第4話 王都へ

 竜は進むよ~どこまでも~。


「アルジェント、上昇だ!」


 俺の合図に従い、アルジェントは一鳴きすると、身体を上空に向けると、後ろ足から炎を噴射し急上昇する。


 向かい風が俺の身体を叩き付け、身体を後方へ吹き飛ばそうとするのを、必死にアルジェントにしがみついて、身体を密着させる事でそれを防ぐ。


 息が出来ない程の高速でアルジェントは上昇していき、幾つの雲を突き破っただろうか。随分と上昇した事に満足したアルジェントは、身体全体を広げて宙空にふわりと留まった。


 上空は暗く、星が瞬き、太陽が水平に位置する。地上は緑と青に覆われ、地平線は弓のように反っていた。


 世界の果ては手を伸ばせば届きそうだが、実際には果てしなく遠いのだろう。アルジェントとなら、あの果ての先にまで飛んでいける気がする。


 高揚感に包まれているのは俺だけではないようで、アルジェントも宙返りをしたり、ダンスを踊るように空を駆ける。


 しばらくそんな事を続けていたら、流石に息切れしてしまった。ヒュルヒュルと落下するように下降していき、俺たちは川の側に降り立った。



 二人で川の水を飲み、俺は疲れただろうアルジェントの身体を、川の水で綺麗に拭いてやる。


「グルルルル……」


 気持ち良いのだろう。アルジェントが喉を鳴らす。それが俺も嬉しくて、鱗の一枚一枚まで綺麗に磨き上げた。


 銀鱗はまるで鏡のように陽光を反射し、また、辺りの景色に溶け込むように景色を写し出す。

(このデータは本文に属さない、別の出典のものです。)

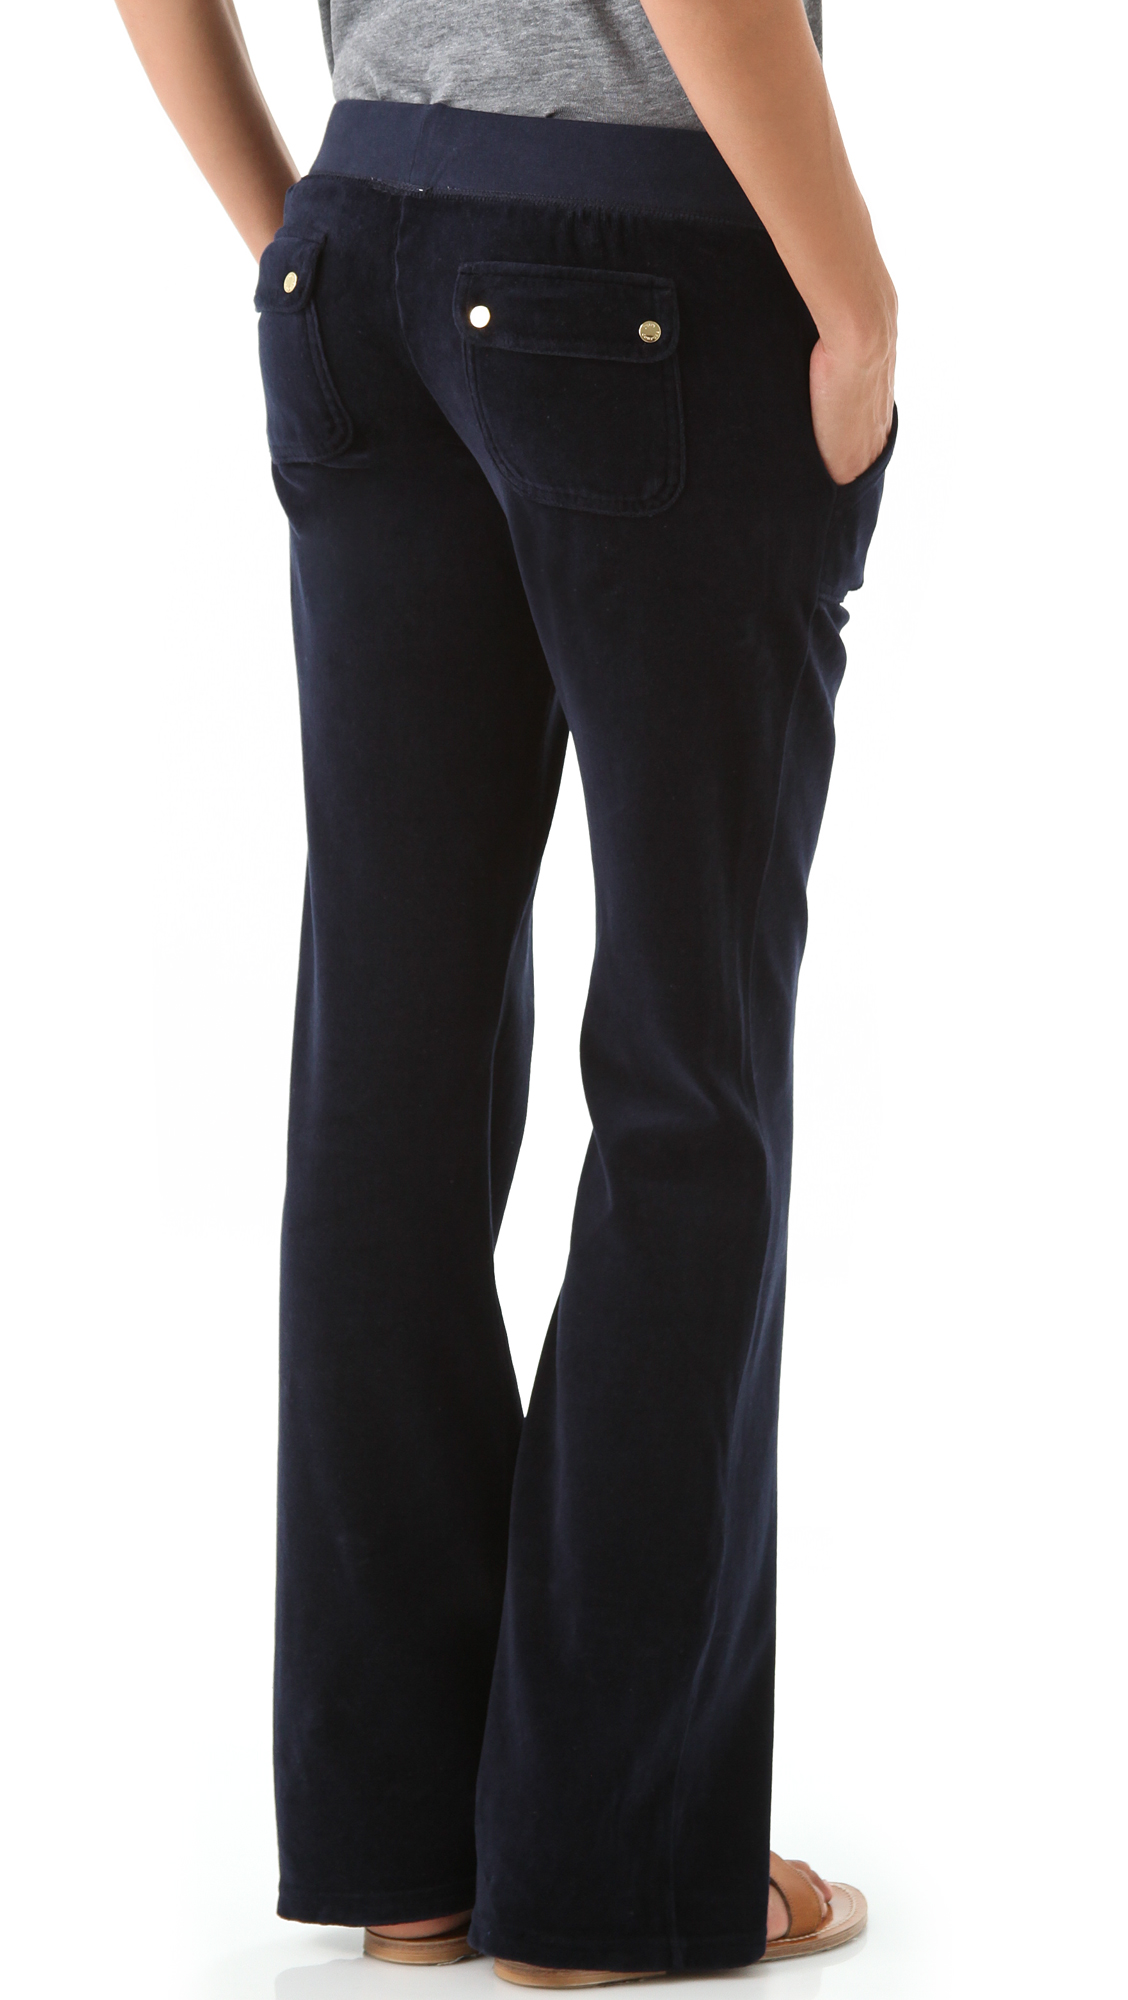 Juicy Couture Velour Boot Cut Pants with Snap Pockets in Blue - Lyst

 俺は綺麗になったアルジェントに満足すると、母に持たされた蒸かし芋で空腹を満たす。


「グルルルル……」


「お前もすっかり芋好きだよな」


 両親の話では、竜は雑食でそこら辺のものを手当たり次第食い尽くすとの事だったが、やはり好みはあるようで、アルジェントは母の蒸かした芋が大好きだ。アルジェントに食べさせる為に我が家の周りは芋畑に覆われてしまった。


「さて、そろそろ行くか」


 アルジェントと二人、蒸かし芋を食べ終えると、また空へと飛び出した。



 竜のような巨体が大空を飛ぶのは不思議な話だ。空気より軽いと言うならそれも分かるが、竜はそれなりに重い。何せ土や岩さえ食べてしまう大食らいだ。そりゃあ重い。


 では何故大空を飛べるのか。魔法のお陰? それだけではない。やはり両後ろ足に備えられた火袋のお陰が大きい、と父は言っていた。


 竜は姿形は様々だが、翼を持ち、火袋を持っているのがその特徴だろう。鱗や牙、角などは枝葉末端だ。


 そんな中でアルジェントはスタンダードな型の竜である。トカゲのような鱗に覆われた四足の身体に、鋭い牙に爪、角はまだ生え始めたばかりで小さい。背にはコウモリのような皮膜の張られた翼を持ち、火袋は後ろ足に備えられている。


 身体の中には魔核があり、それは火袋を通して炎となって噴射される。その勢いは凄いもので、上空へと飛び立つ時の地面は、火袋から噴射される炎で黒焦げになる程である。


 そんな強力な推進力が、重い竜の巨体を宙空に持ち上げ、大空を駆ける礎となっている。竜は魔法と言う力を物理的な推進力に変換して空を駆けるのだ。



「そろそろ王都かな?」


 あれ程遠くに見えた王都も、アルジェントで大空を駆ければ数刻のと言う短い空旅であった。


 大小の建物が向こうの山裾まで続く、我らがガラク王国王都ガラクシア。どの建物も屋根は赤く壁は白い。王城らしき建築物もそうなっているので、王都の法で制定されているのかも知れない。


 壮観なその風景に見とれていると、二頭の飛竜がこちらに向かってやって来た。


「そこの者! 身の証はあるか!」


 恐らく王都の守備隊なのだろう。二頭の竜も騎乗する男二人も、鎧を着こんでいた。


「西のウーヌム村から来ました!」


 俺は誰何する男二人に、ウーヌム村の組合所で貰った首輪を見せる。


「確かにウーヌム村の出のようだな! 王都には何をしに来た!」


「王立ネビュラ魔剣学院で、魔法と武術を学びに!」


「ああ、ネビュラ学院の受験生か! ネビュラ学院は王都の南端だ!」


 男の一人が指差す方には、王城に比肩する程大きな建物がそそりたっていた。デカい。


「では、受験頑張るんだな!」


 男たちはそう言うとその場を飛び去っていった。


 受験、とは?


 訳が分からないが、行けば分かるだろう。俺はアルジェントの鼻先を南に向け、王立ネビュラ魔剣学院へと飛んでいった。